Given material:
========================================

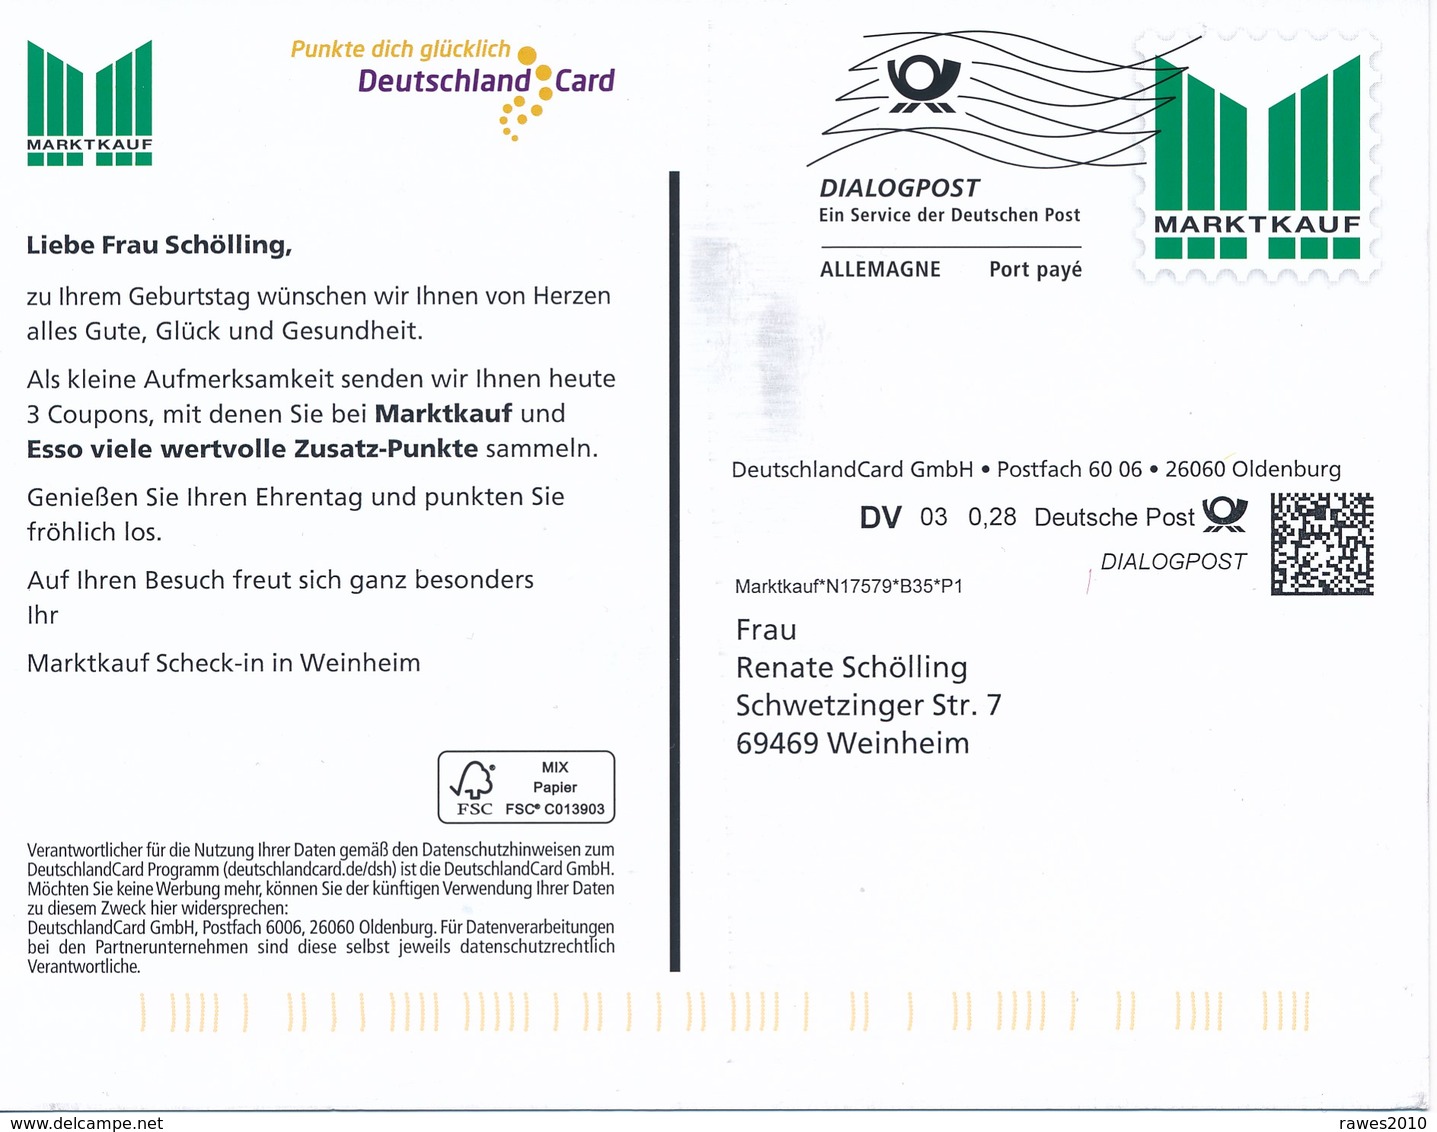 BRD Oldenburg Dialogpost Allemagne DV 03 0,28 Euro FRW 2020 Marktkauf DeutschlandCard GmbH - Storia Postale
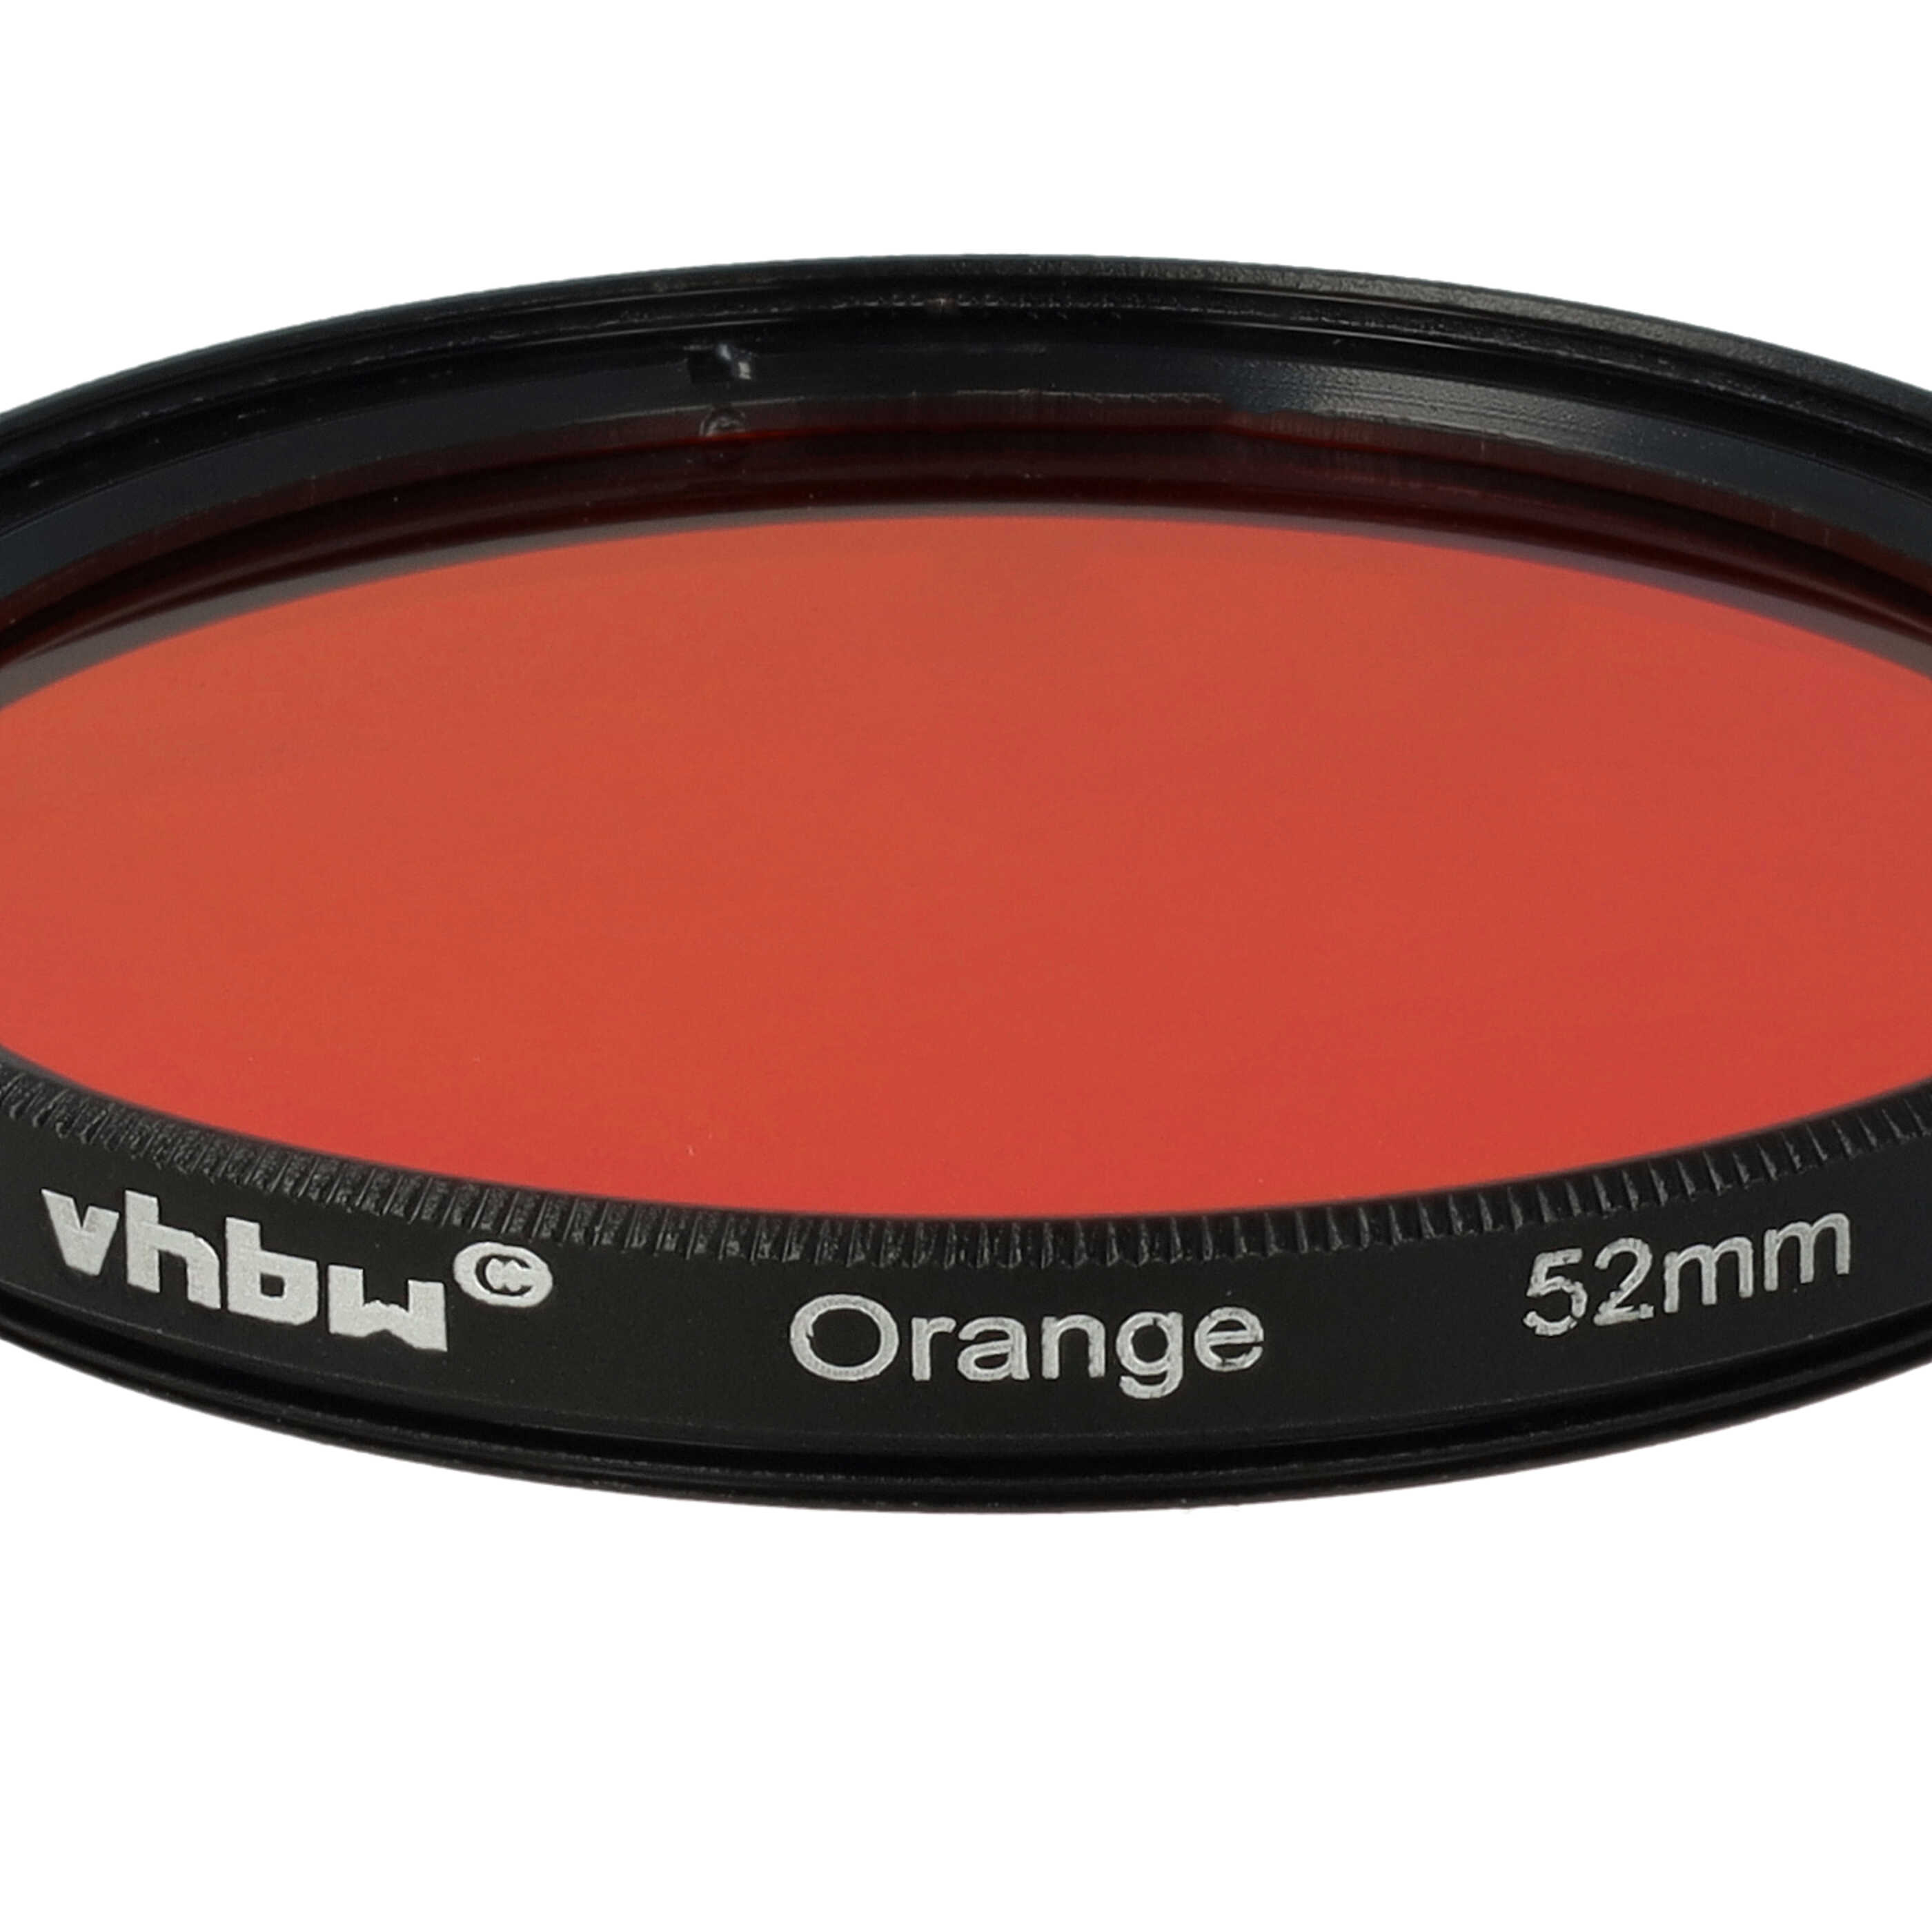 Filtro colorato per obiettivi fotocamera con filettatura da 52 mm - filtro arancione
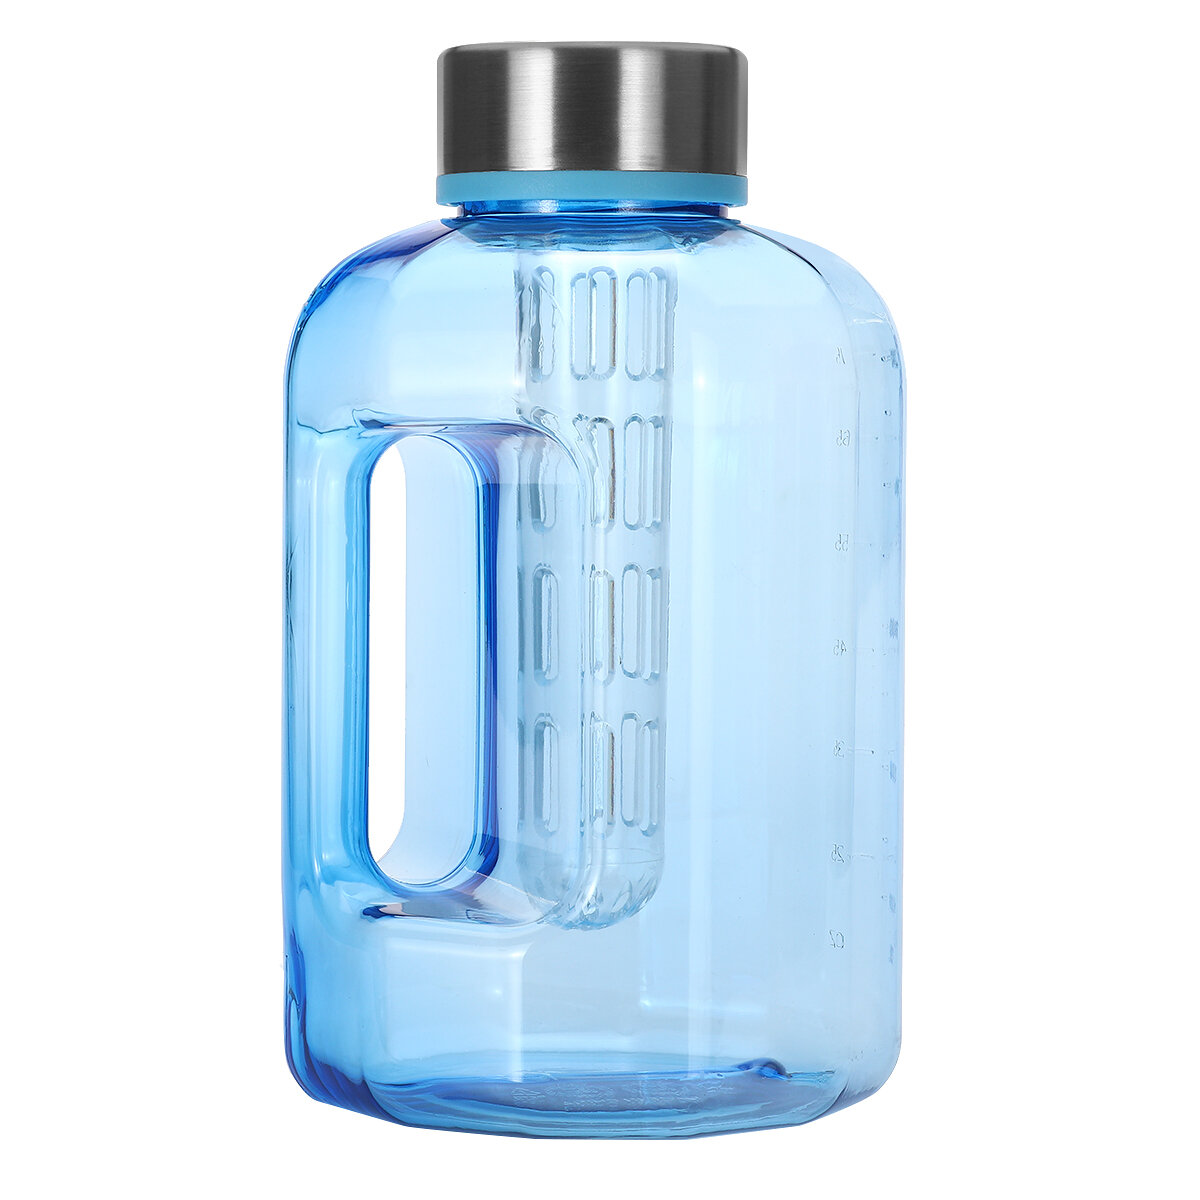 Botella de agua deportiva de gran capacidad de 2.2L/84oz sin BPA con tapa para entrenamiento en el gimnasio, senderismo y ciclismo.
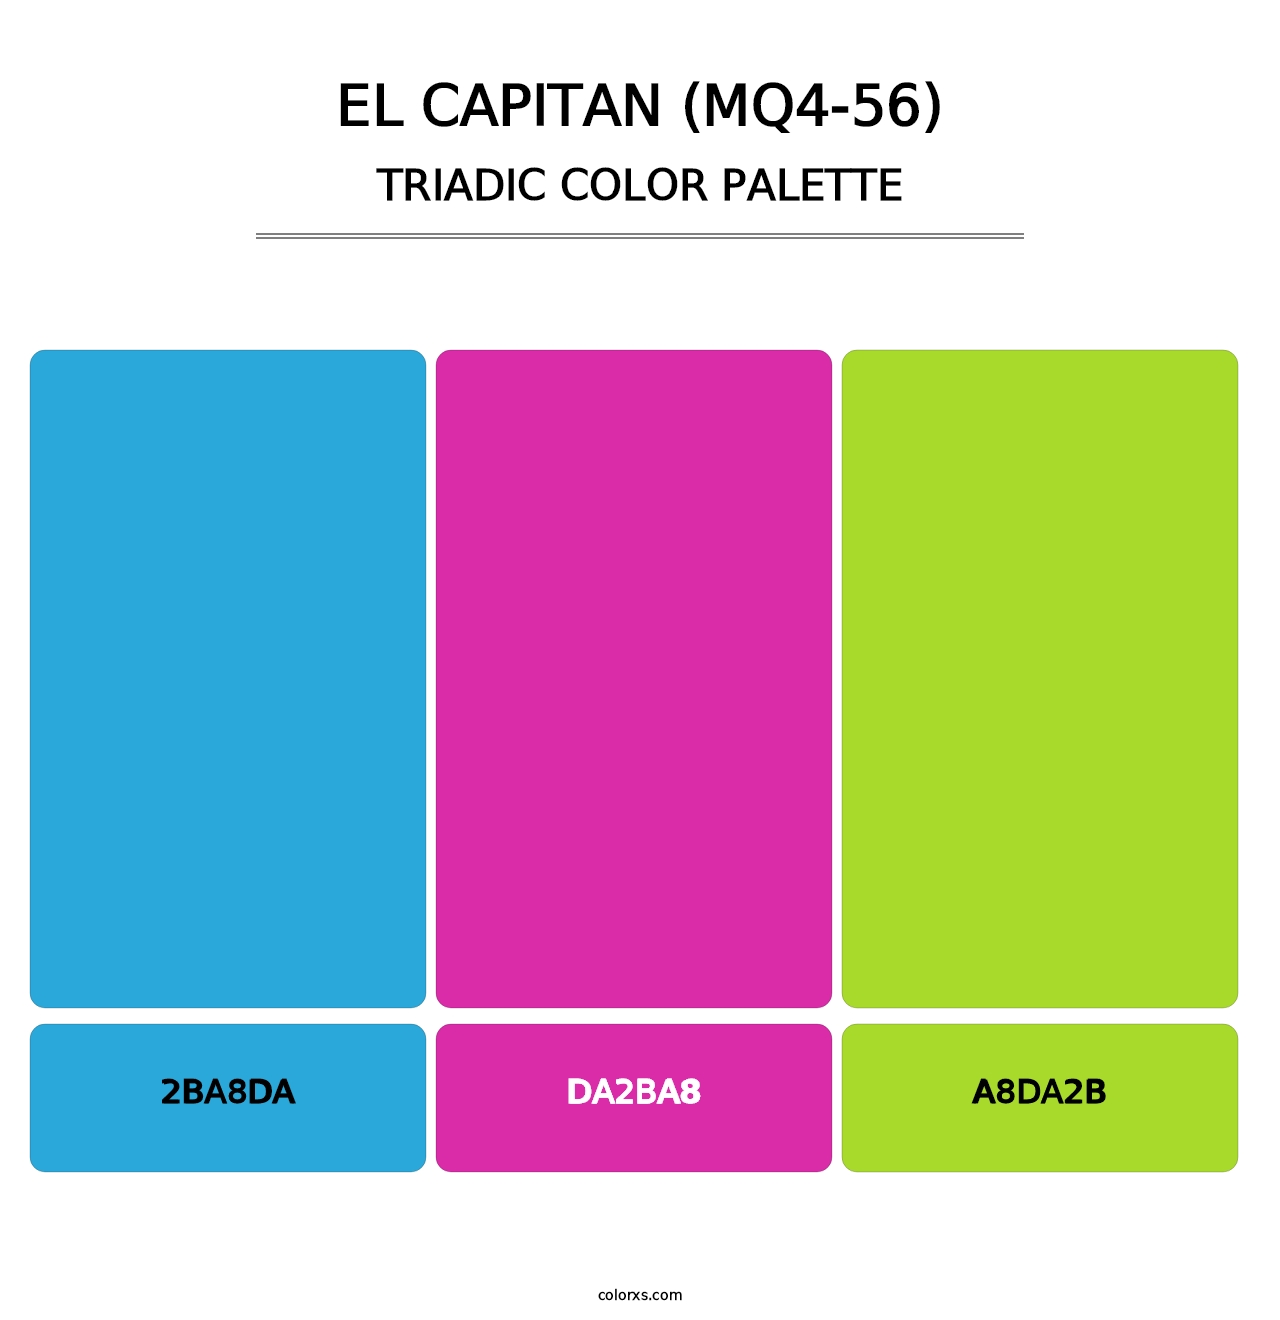 El Capitan (MQ4-56) - Triadic Color Palette

========================================

Each line of the listing is to be retyped exactly, and its pictures are to be dropped.

 BRD Oldenburg Dialogpost Allemagne DV 03 0,28 Euro FRW 2020 Marktkauf DeutschlandCard GmbH - Storia Postale
 Filtro colorato per obiettivi fotocamera con filettatura da 52 mm - filtro arancione
 Botella de agua deportiva de gran capacidad de 2.2L/84oz sin BPA con tapa para entrenamiento en el gimnasio, senderismo y ciclismo.
 El Capitan (MQ4-56) - Triadic Color Palette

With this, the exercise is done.